Releases

⚠ Apply Previous Updates ⚠

Before upgrading to version 3.3.0 you must apply the upgrade steps for each previous version of CluedIn between your currently installed version and 3.3.0, that has an upgrade process.

Previous upgrade scripts can be found at:

3.3.0 Upgrade guide

NOTE: As this is a major version upgrade (3.3) it requires downtime of the cluster while the upgrade is performed.

The goal of this guide is to show you how to migrate CluedIn data from an old installation to a new one.

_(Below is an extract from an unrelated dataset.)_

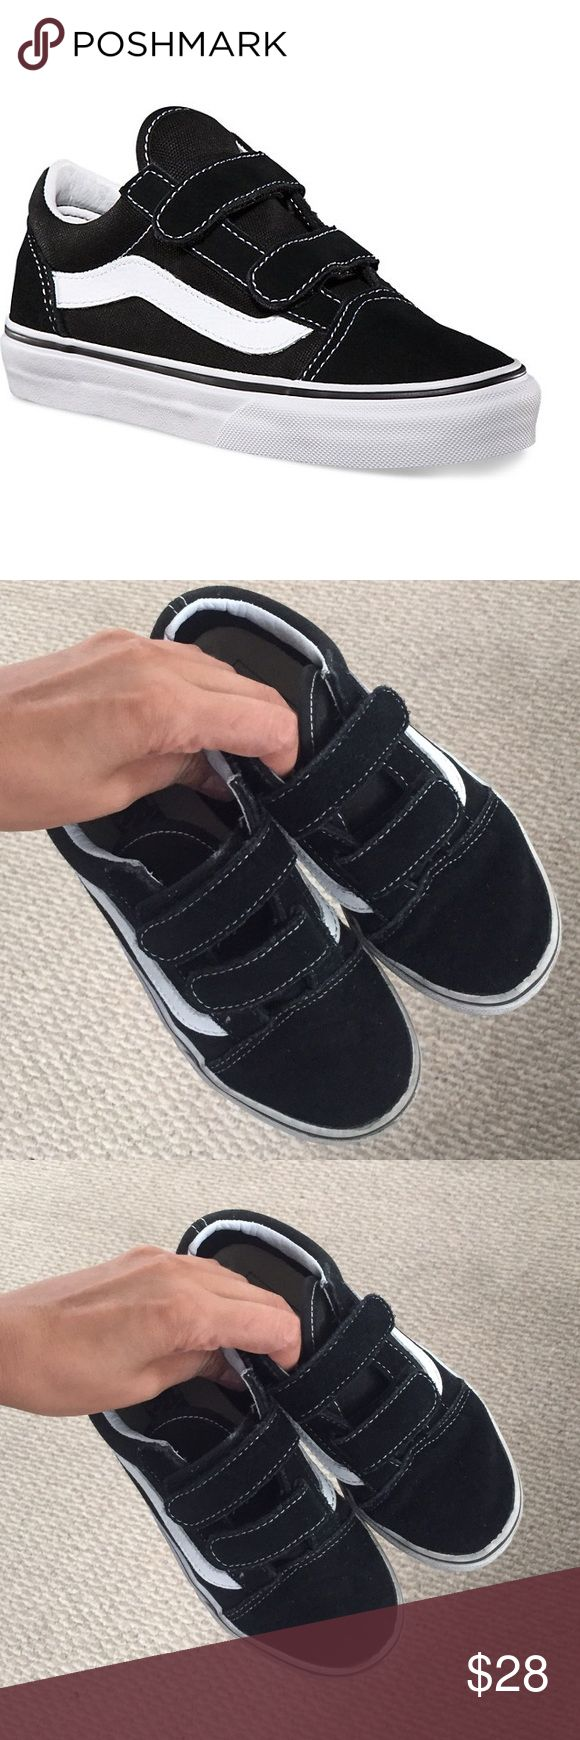 Black vans for kids Size 1.5 excellent condition Vans Shoes Sneakers

There are significant improvements, fixes and new features in the new cluedin-platform Helm chart and it is simpler to re-mount the old disks (PVCs) into a new installation.

Pre-Upgrading Planning

Ensure all ingestion jobs / syncs / pushes etc to CluedIn are paused. Check the processing logs to make sure no ingestion/enriching work is being carried out.
Ensure you have a copy of all important passwords / secrets that may be stored in configuartion files. Mainly, the SQL Server SA password. The secret is usually called cluedin-sql-admin (or <releasename>-sql-admin)
Ensure you know any configmap changes (for example, environment variable setting updates) that may have occured during deployment and were not captured in the values.yaml.

Caveats / Warnings

All upgrades are different. This example shows how to migrate a default installation. With each installations there are customizations that might need to be moved across, so it is up to the upgrader to ensure that any values.yaml customisations are still valid with the new chart. You will probably fine that many things can be removed due to consistent defaults.

Things to consider:

Application Version - Version is now configured globally so where you might previously have had:

submitter:
  image: cluedin/cluedin-micro-submitter-node:3.2.5
gql:
  image: cluedin/cluedin-ui-gql:3.2.5
ui:
  image: cluedin/ui:3.2.5

… these entries can be removed as version is controlled centrally via:

global:
  image:
    tag: "3.3.0"

Nesting - Previously all changes to values.yaml were located in the root of the values.yaml patch file, for example:

cluedin:
roles:
  main:
    resources:
      limits:
        memory: "4Gi"
      requests:
        memory: "2Gi"
  processing:
    count: 0
  crawling:
    count: 0

… with the new chart you need to address them to the correct part of the chart (platform/application/infrastructure) and nest them accordingly. So the previous example would become:

application:
  cluedin:
  roles:
    main:
      resources:
        limits:
          memory: "4Gi"
        requests:
          memory: "2Gi"
    processing:
      count: 0
    crawling:
      count: 0

Components (Enrichers/Crawlers) - Ensure you update to the latest 3.3.0 versions if available. ALL enrichers require updating to support the new configuration model

Infrastructure modification such as resource sizing - Most components now use official charts so please check their individual projects for how to make changes. See cluedin-infrastructure/values.yaml for hints.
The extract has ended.